Caring about all these are, for me as a DM, part of caring about the game itself and that the players are having fun. And even when I'm not DMing I want everyone to have fun.
 

Derren

Hero
It was the first time I played RIFTS. I created a "regular" character which seemed pretty typical. SDC weapons and gear, worked with the DM who seemed fine and didn't give me any hint of what was gonna happen.

All the other experienced players started with PCs like Glitter Boys, with heavy hitting MDC weapons.

It was not fun.

Yeah, that is the kind of things that give Rifts some of its bad image.
Rifts doesn't follow the trend to allow the player everything in the book and ensure that its playable. The GM is supposed to restrict classes so that everyone is balanced for the type of campaign he wants.

In Shadowrun too the main way to ensure balance is talking with the players to either get them to make their characters better or to drop some of their optimization.

Although in those games there is always the option of shifting the spotlight to something where the minmaxer doesn't shine. But you have to be careful with that as the minmaxer too can get bored when not allowed to shine for too long.

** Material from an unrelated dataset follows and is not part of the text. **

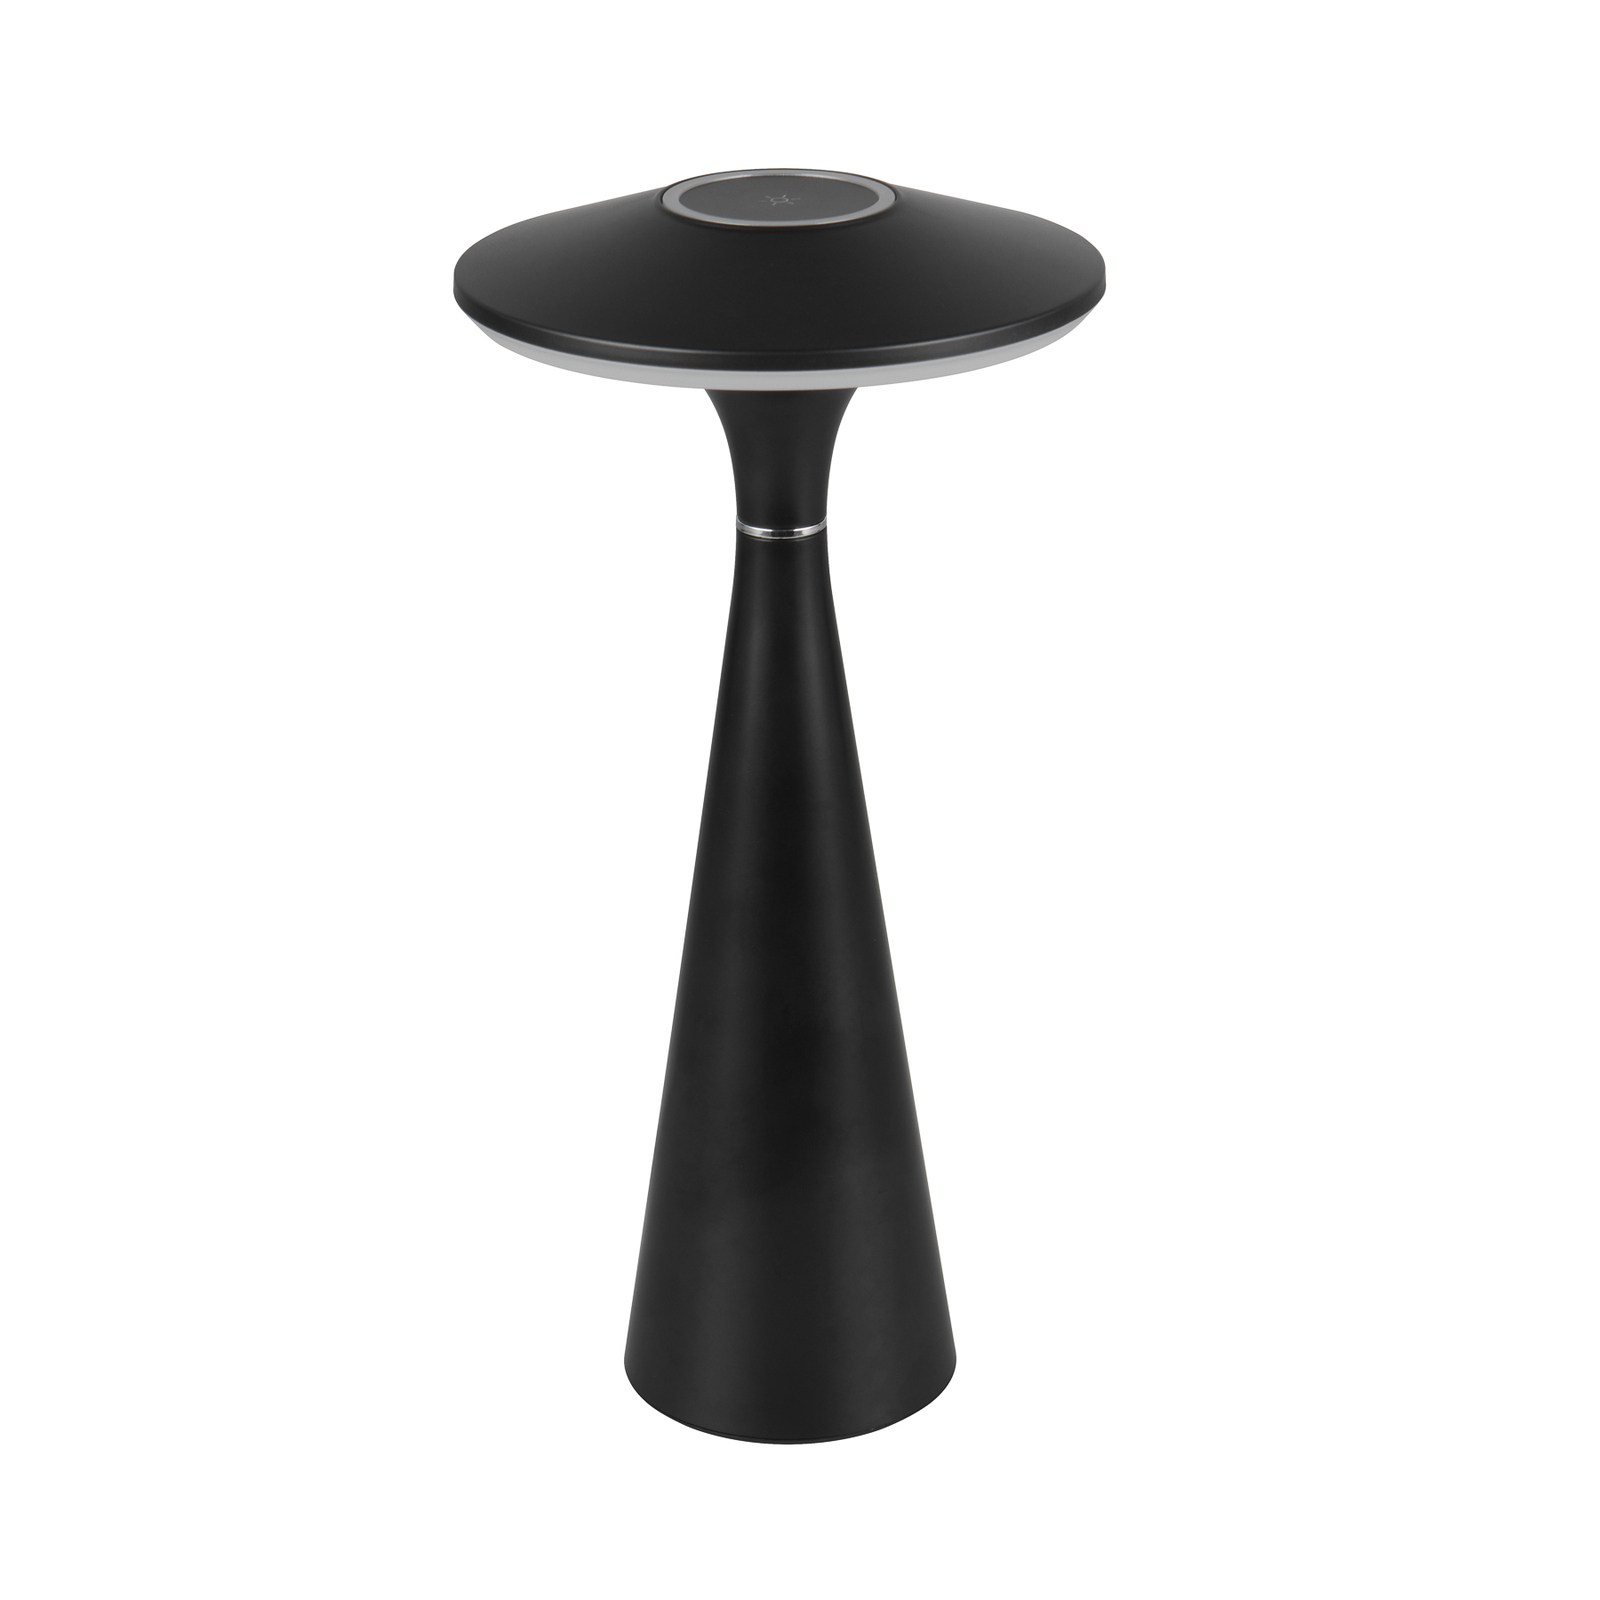 Torrez lámpara de mesa LED recargable, negra, altura 28,5 cm, CCT

Third, I care that no one is left out of major parts of the game. Cyberpunk's hackers and Shadowrun's deckers (or is it the other way round?) are deeply flawed because they leave everyone sitting round for half an hour while they do their thing in a mini-game. .

No, thats correct.
But in SR this only applies to long distance decking. If the decker moves with the team the problem is turned around and iften a combat is over before he can do anything which is also not ideal.
 

Each player needs to be able to have their character effectively contribute. If one player's character is strictly better at the main shtick of another's character - that can cause problems.

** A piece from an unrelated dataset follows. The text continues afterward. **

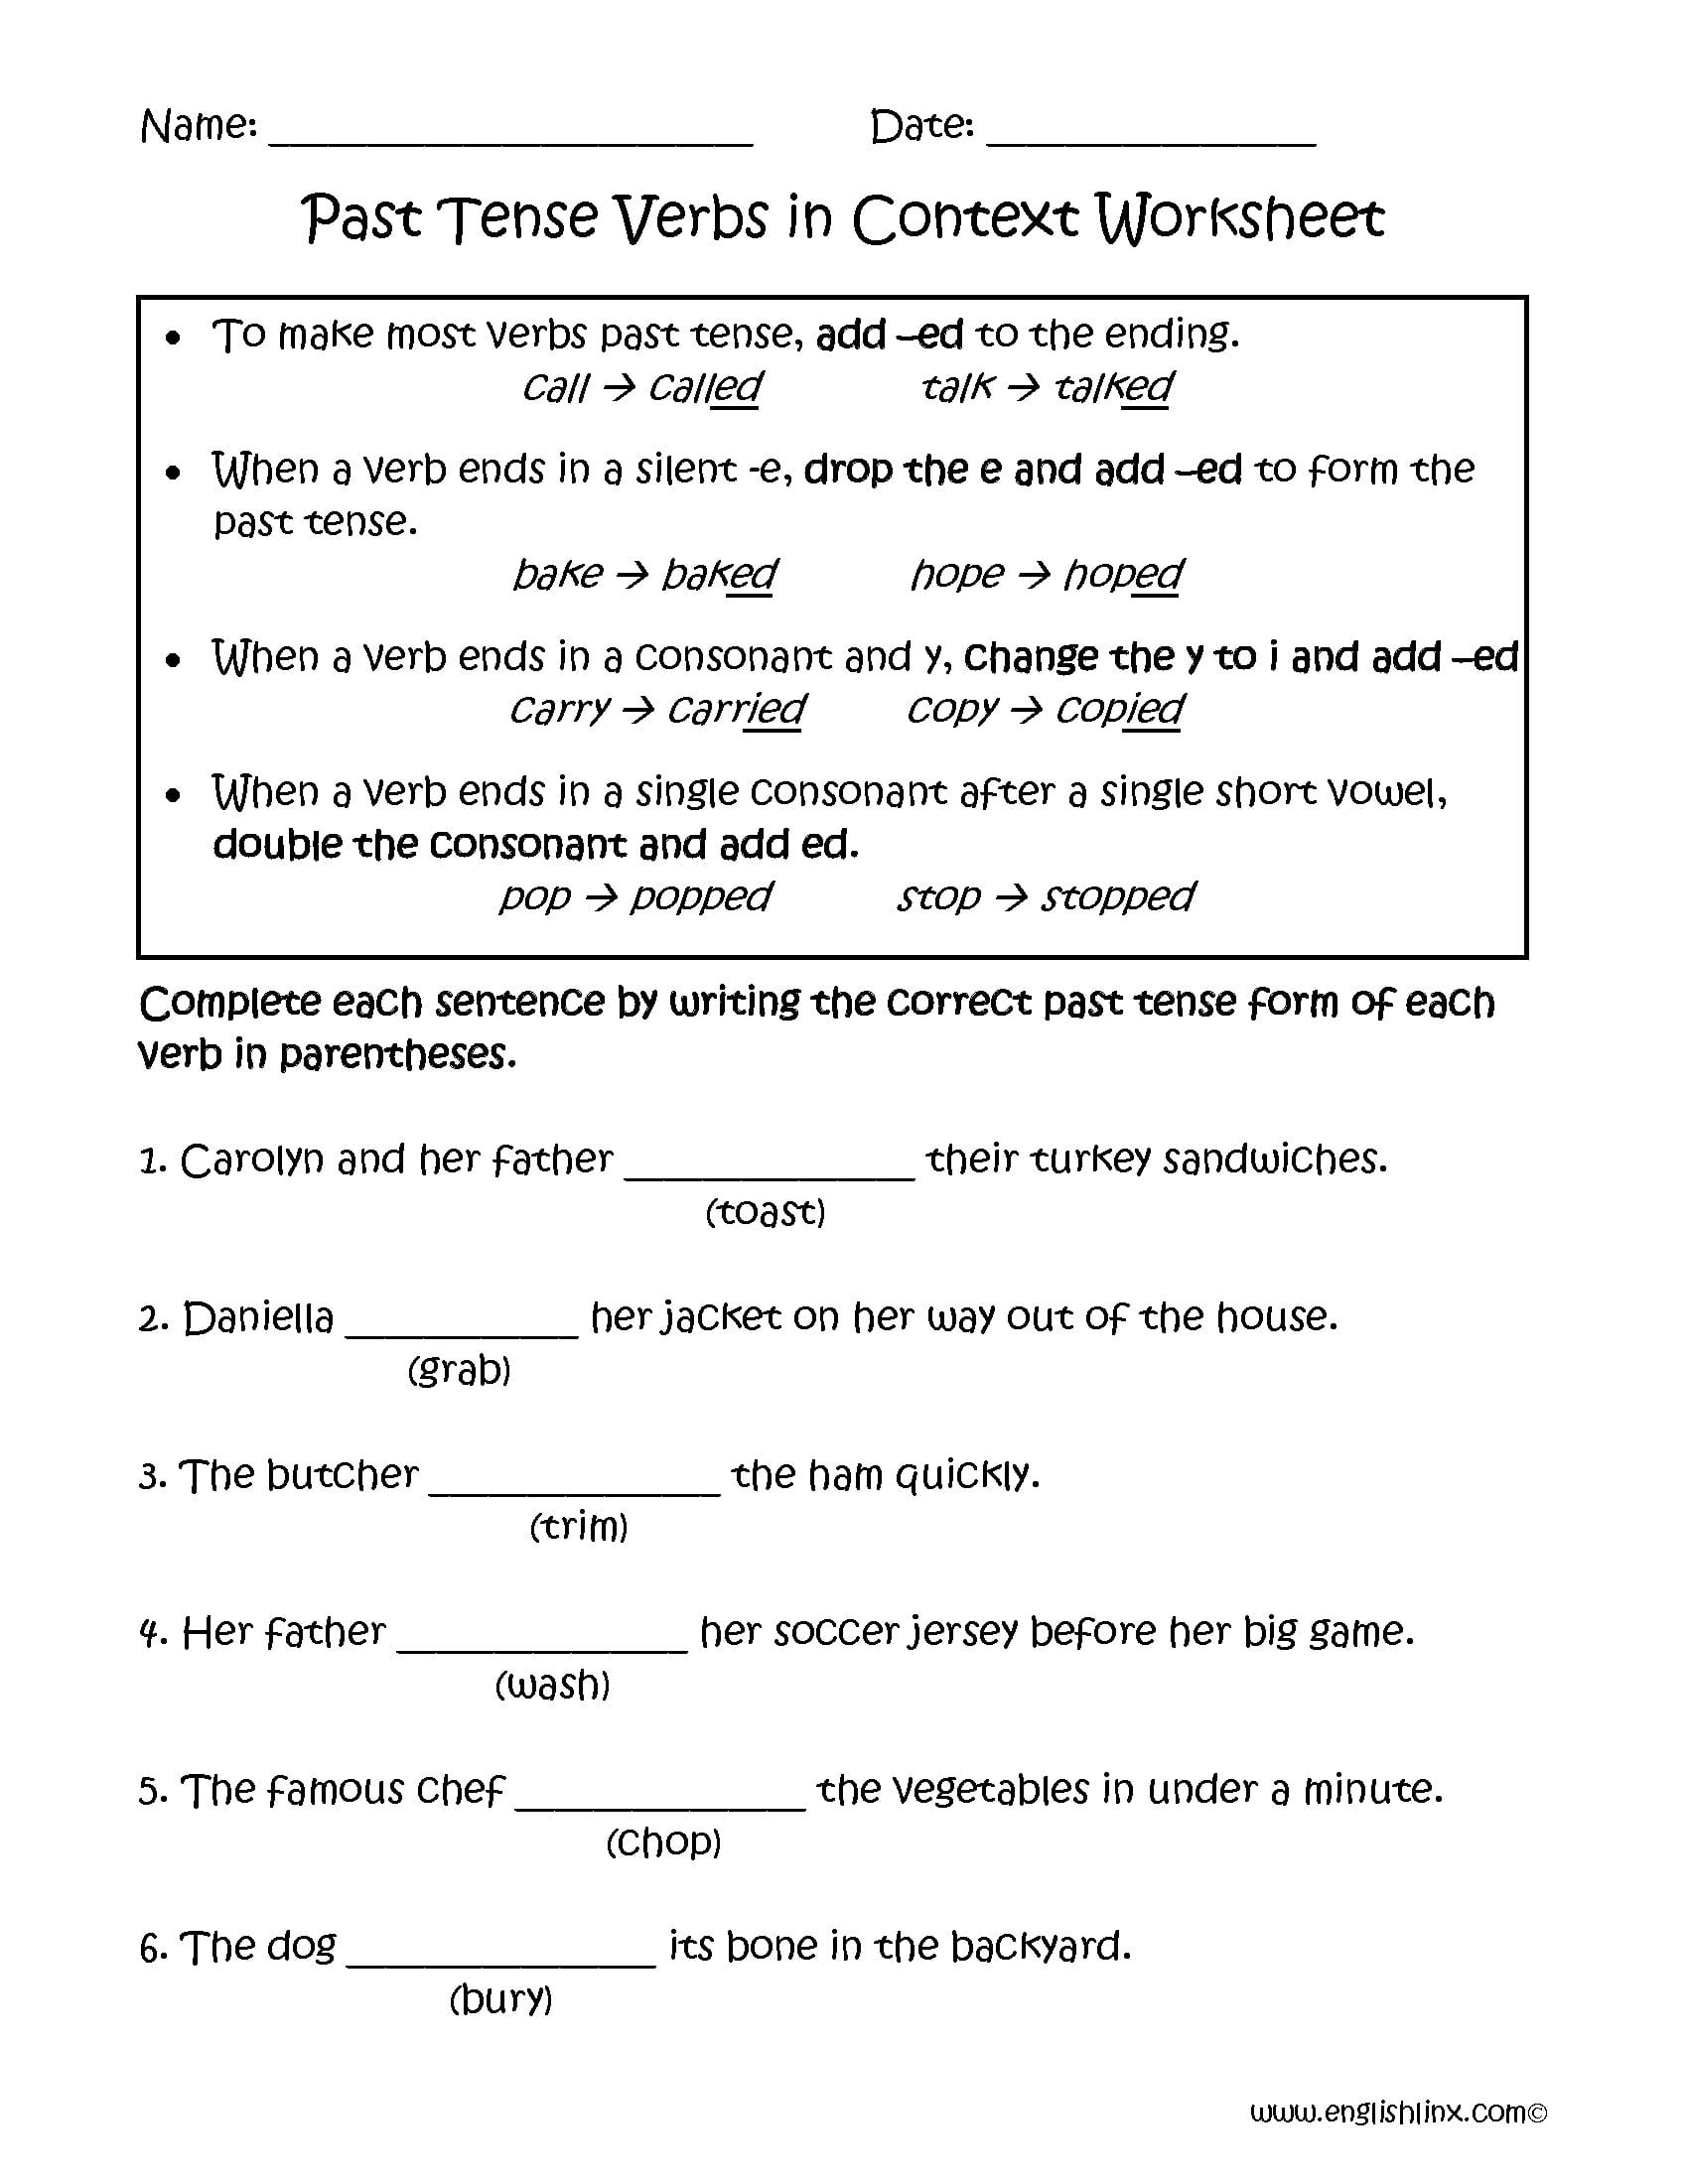 Verbs Worksheets  Verb Tenses Worksheets Together With Past Tense Verbs Worksheets

This is very true, and can also create problems if some part of the game is essentially "mandatory", but certain classes/archetypes/characters are just inherently really bad at it (or the game lies and tells players they don't need to be good at it). It's all very well telling people that they can make a scientist with no combat skills and it'll be awesome, but if you then have a game that is 90% shootouts and break-ins (and this may be the official campaign for the game that encouraged you to play a scientist) and you can't mechanically contribute much, that's going to suck.

In Shadowrun too the main way to ensure balance is talking with the players to either get them to make their characters better or to drop some of their optimization.

I've never seen an edition of Shadowrun where any official advice was given to this effect, so I'm not sure it's really intended.
 

Mort

Legend
Supporter
In almost 40 years of gaming, only one time did I ever play a game where the imbalance was so severe that I felt the game sucked and was unplayable.

It was the first time I played RIFTS. I created a "regular" character which seemed pretty typical. SDC weapons and gear, worked with the DM who seemed fine and didn't give me any hint of what was gonna happen.

All the other experienced players started with PCs like Glitter Boys, with heavy hitting MDC weapons.

It was not fun.

Yeah, RIFTS made no pretense at balance and it was up to the DM to ensure it - which they usually didn't.

I had a similar experience with Deadlands (Hell on Earth):

Got invited to a game. Emailed the DM and asked what kind of characters were already in the group, what was the power level etc. Response was that there were varied Characters, low power level, low key game. So OK,

I create a bounty hunting character who's shtick is tracking and being decent with a gun. Expressly stayed away from funky backgrounds and powerful types like sykers, doomsayers etc.

I get to the game - everyone else has a powerful background, some have 2(which I didn't even think was legal) basically I was a mundane in a group full of supers.

As a final indignity. The first thing that happened was a villain stole something from the group and ran for it. I stepped up and tried to track the character; only to learn the villain had used some kind of "item" that made nomagical tracking impossible. I gave that group one more session and then stopped coming.